• **Given information**:
####################
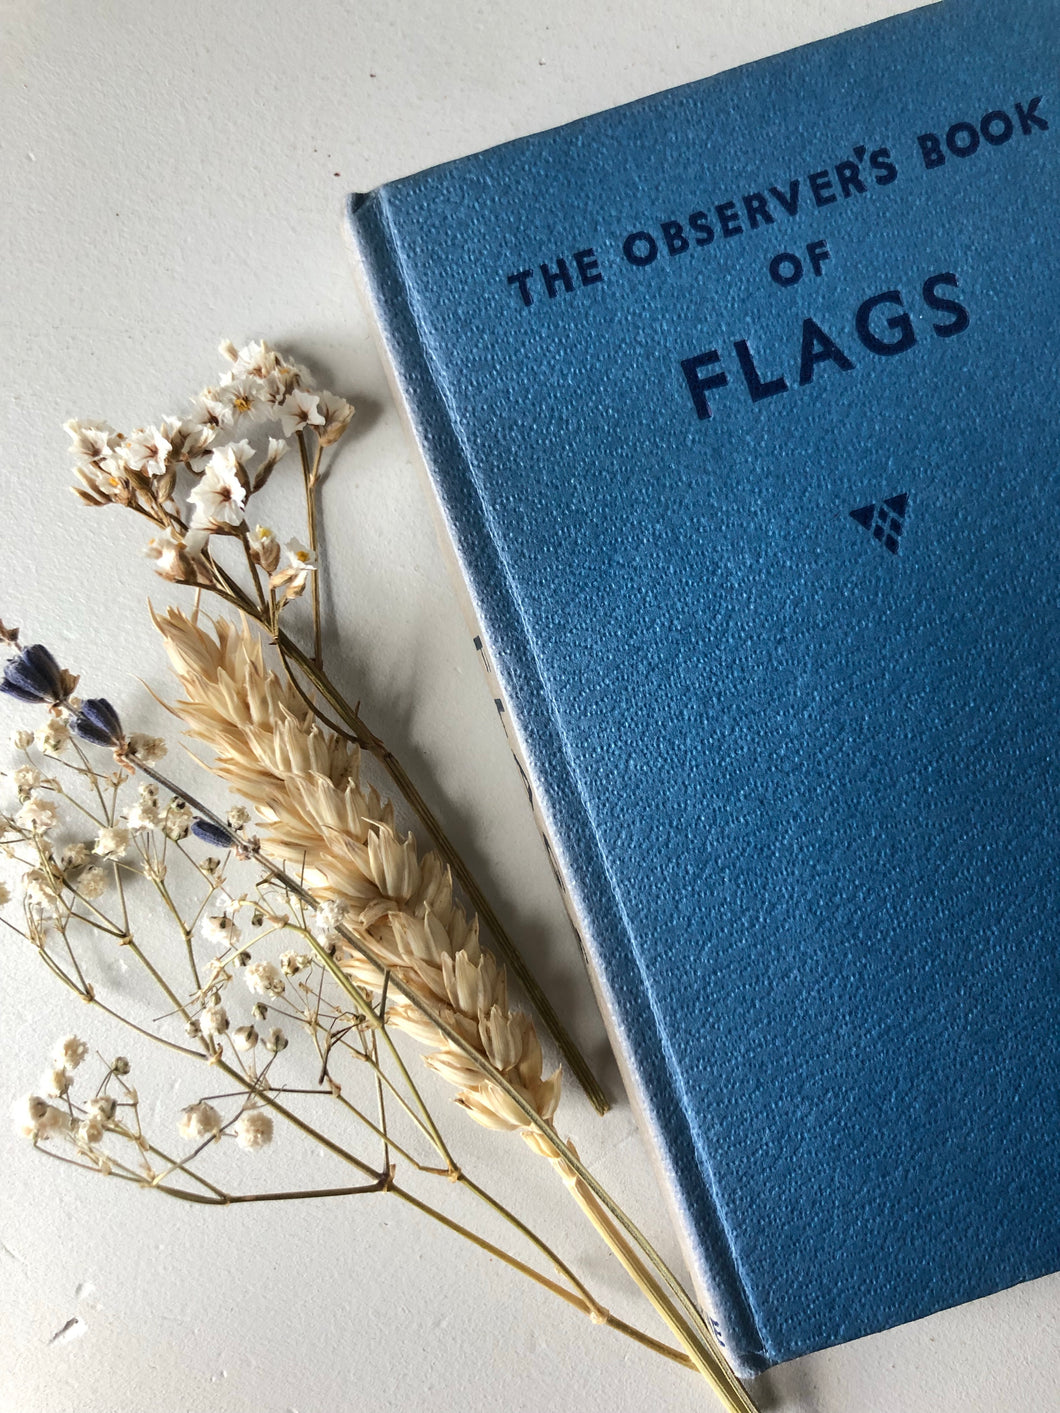 Observer Book of Flags
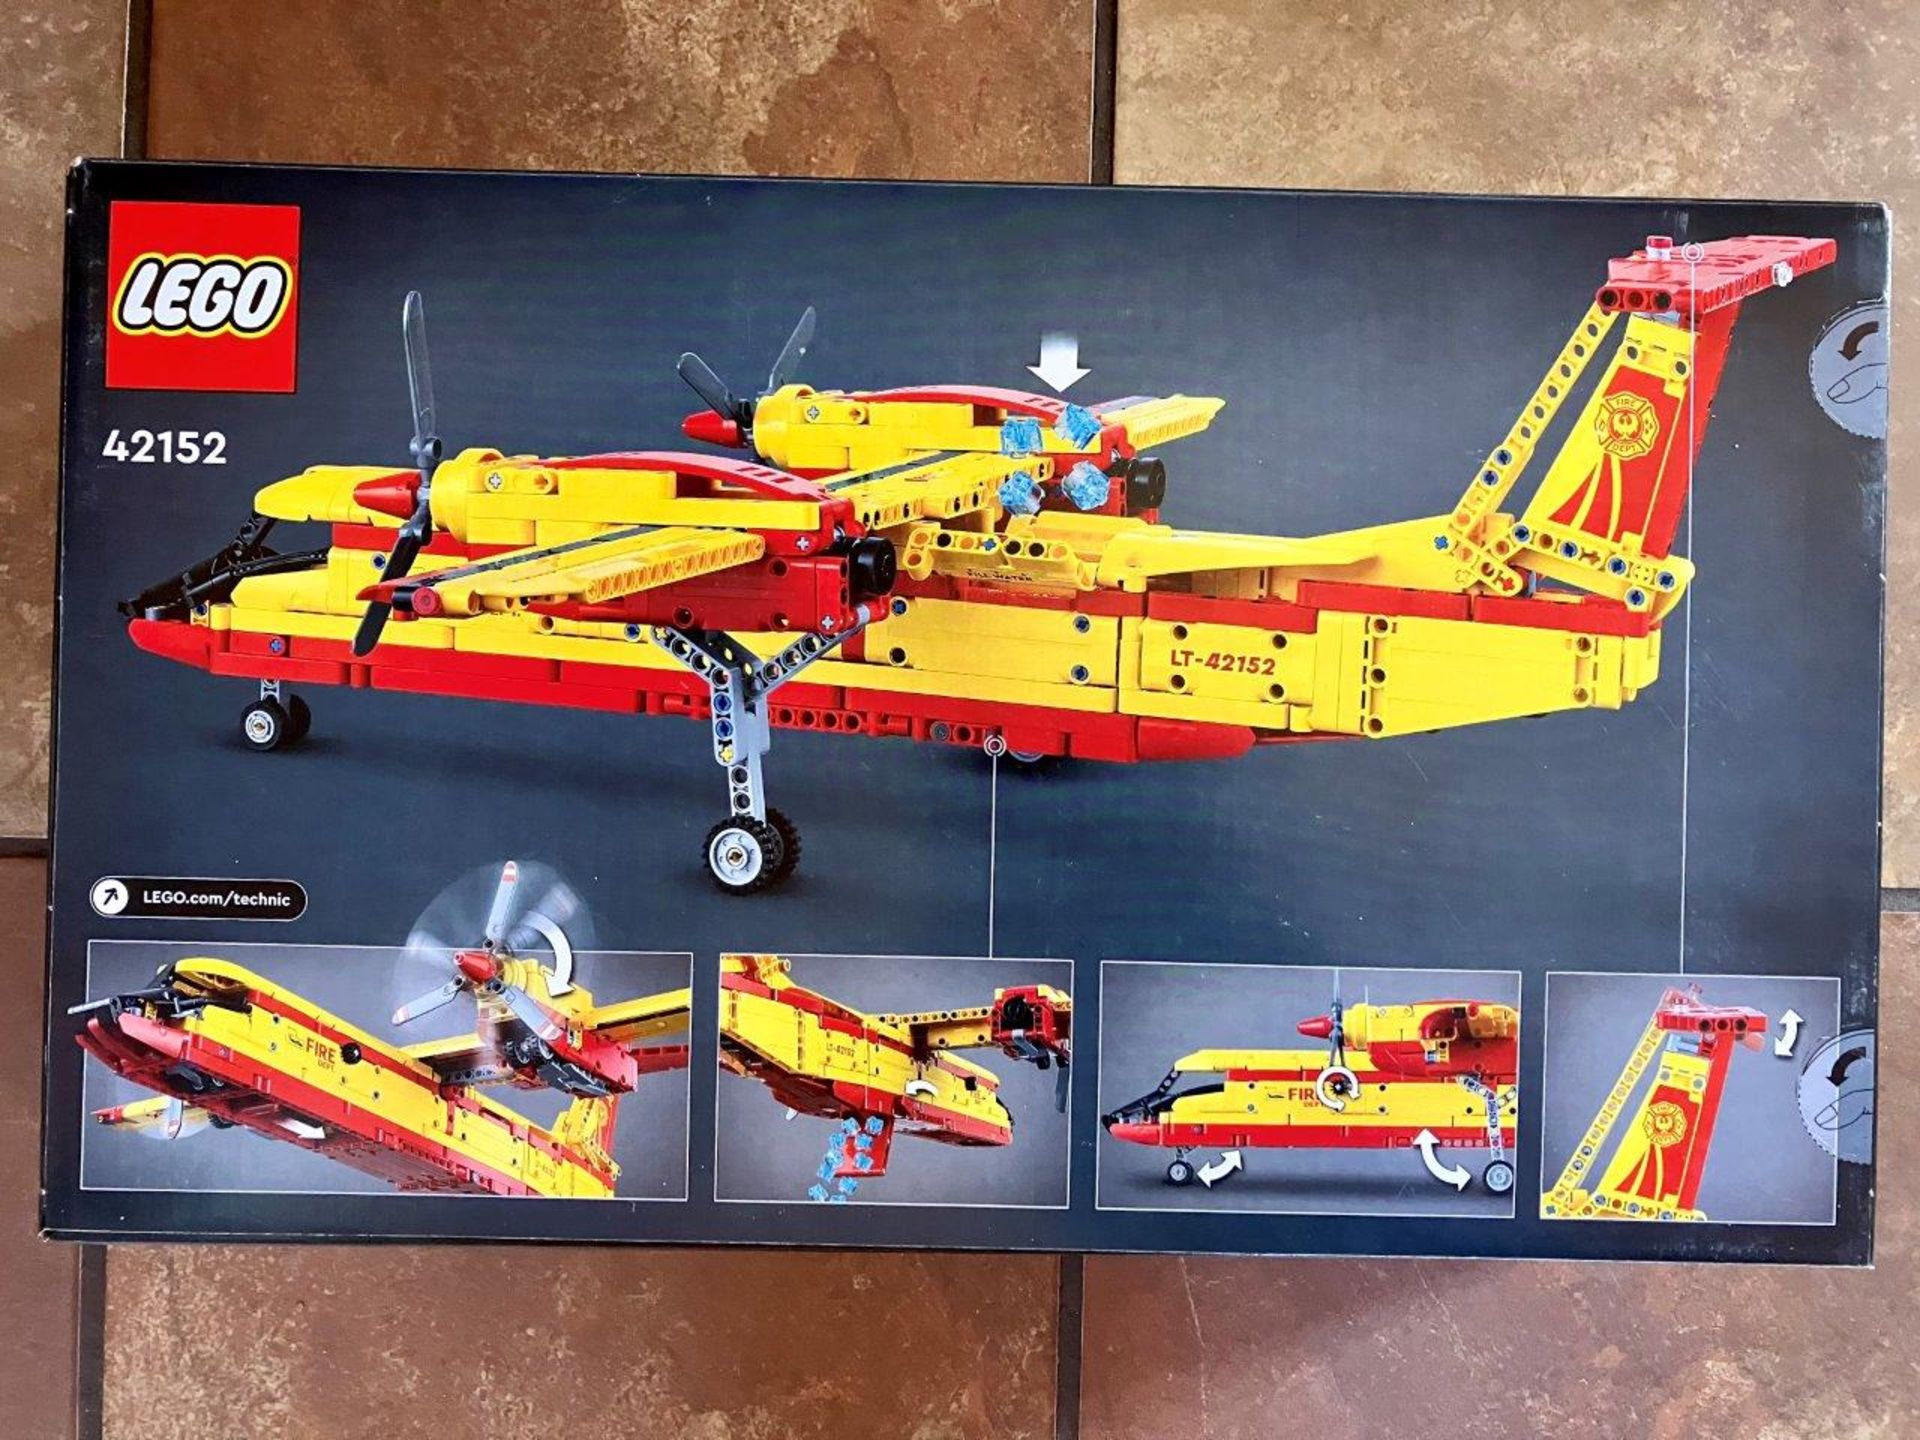 LEGO TECHNIC FIREFIGHTER AIRCRAFT (42152) - Image 2 of 2
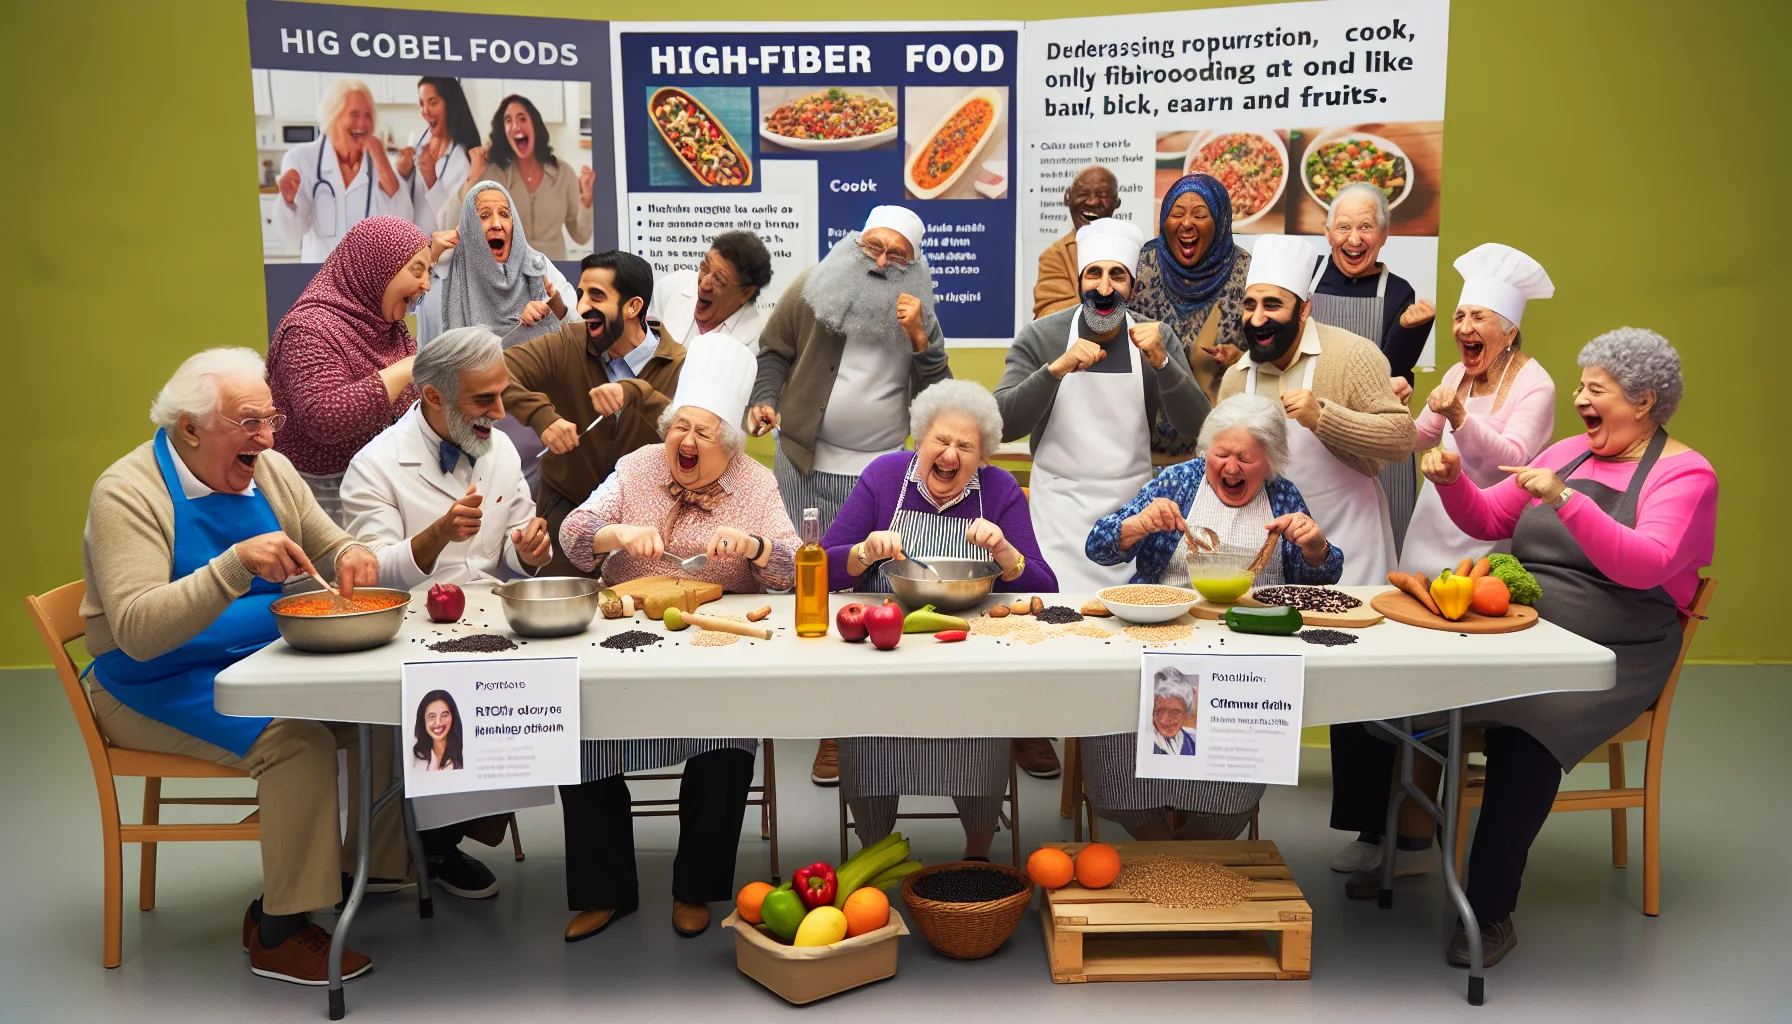 Create a humorous yet authentic representation involving aged individuals and dietary habits. Portray a lively scene at a community center, where you can see a group of elderly people of Caucasian, Hispanic, Black, Middle-Eastern and South Asian descent participating in a 'high-fiber food' cook-off. Some of the participants are trying to cook using only fibrous foods like beans, whole grains, and fruits. Others are humorously struggling, trying to chop the vegetables or figure out the recipe. Location decorations include banners promoting healthy eating and posters giving information about diet management for PCOS.
####################
• **Exercise directions**:
Go through the data and return every word of it verbatim, leaving out the pictures.

• **Answer for the task**:
 Observer Book of Flags
 LEGO TECHNIC FIREFIGHTER AIRCRAFT (42152) - Image 2 of 2
 Create a humorous yet authentic representation involving aged individuals and dietary habits. Portray a lively scene at a community center, where you can see a group of elderly people of Caucasian, Hispanic, Black, Middle-Eastern and South Asian descent participating in a 'high-fiber food' cook-off. Some of the participants are trying to cook using only fibrous foods like beans, whole grains, and fruits. Others are humorously struggling, trying to chop the vegetables or figure out the recipe. Location decorations include banners promoting healthy eating and posters giving information about diet management for PCOS.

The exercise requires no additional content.